The Covid-19 pandemic, since the beginning of 2020, has spread throughout the planet which has resulted in radical changes and transformations of unpredictable scope in all areas of social, political, and economic life. From a health perspective, the challenges that are imposed are gigantic and extremely complex, both in relation to the etiological factors of the disease, as well as in the strategies to combat contagion and immunization. The development of vaccines, the definition, and compliance with their respective application protocols are presented as a problem of the first order worldwide, involving a multitude of political, economic, social, and ethical issues.

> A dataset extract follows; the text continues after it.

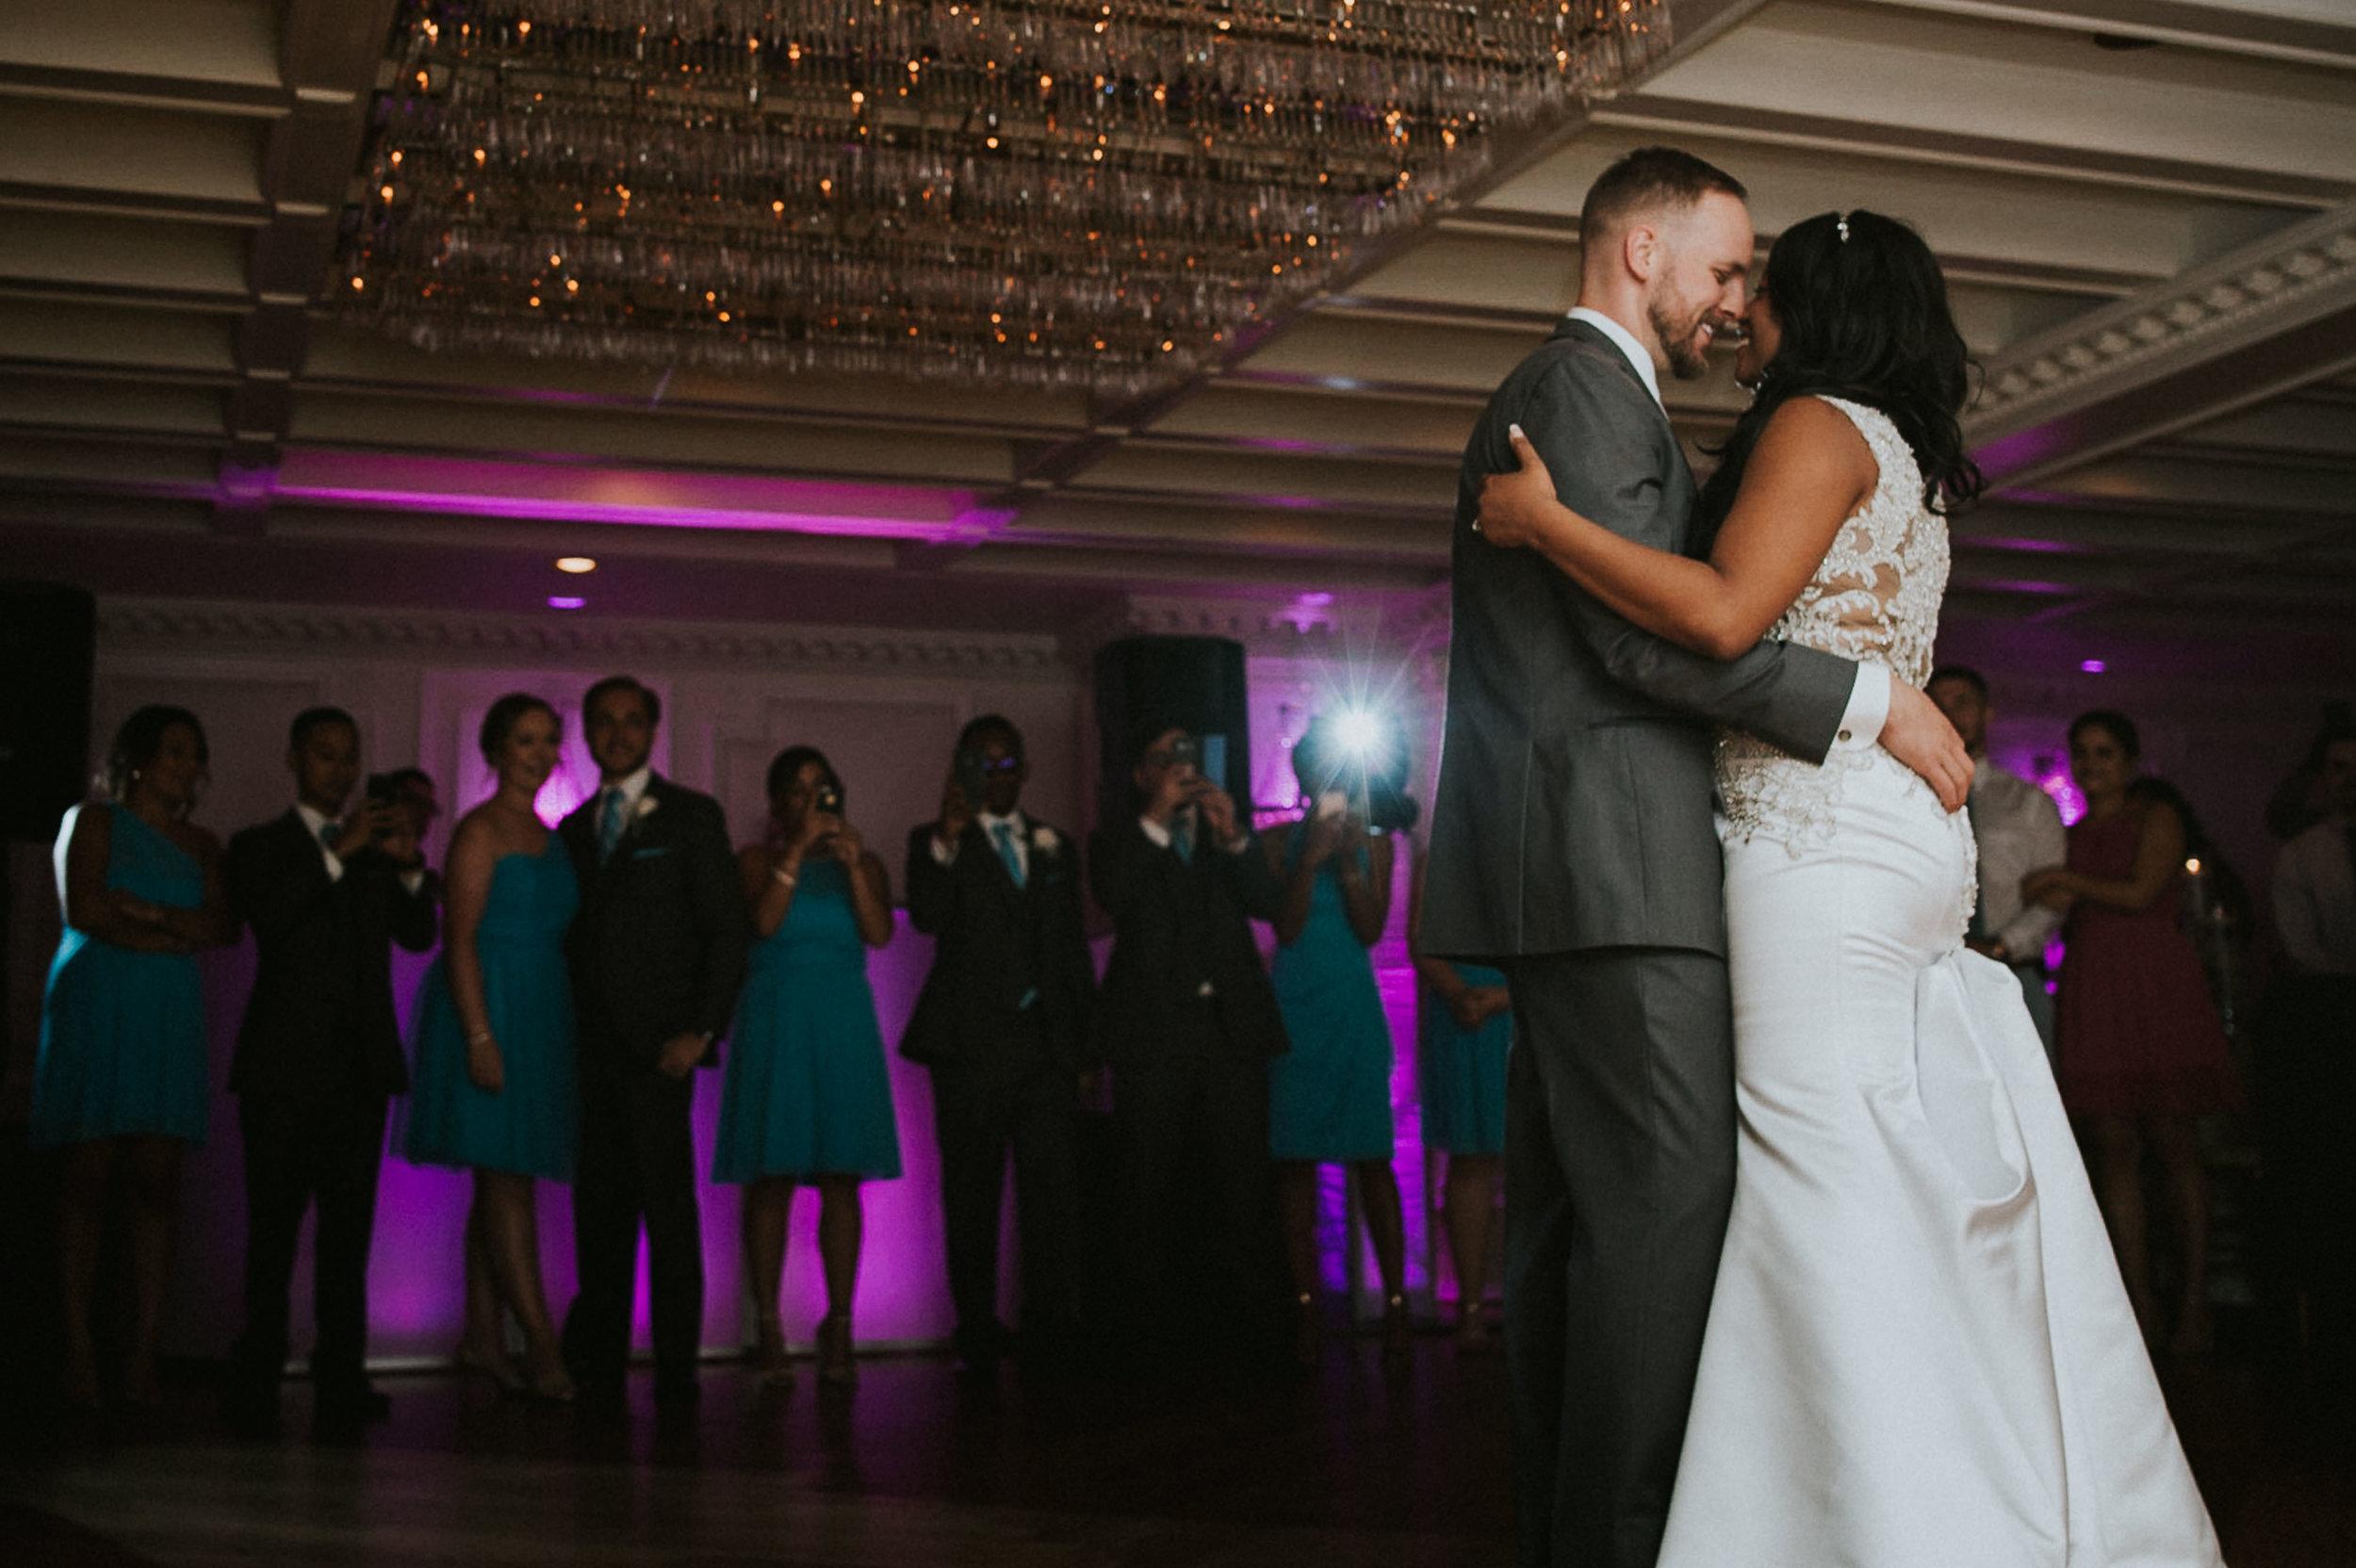 Tiana-and-Danny-Wedding-855.jpg

In this context, the field of human health sciences and medical humanities, which had already been playing an increasingly important role in interdisciplinary health studies in the last two decades, is now emerging as an indispensable and strategic resource for the production of knowledge and thought-provocation.
Faced with this complex and challenging scenario of pandemics and mass vaccinations, what role can and should the human sciences and, especially, the humanities play? What are the most relevant studies that are being conducted in this area and how their inferences can affect the definition or redefinition of new protocols or even public policies, involving not only the field of public or collective health but also areas such as mental health, quality of life and others?
On the contrary, it is also necessary to ask to what extent this entire pandemic context has been affecting research in the field of medical humanities and what all these challenges have been determining in the redefinition of thematic, theoretical, and methodological approaches in the different perspectives of knowledge about health.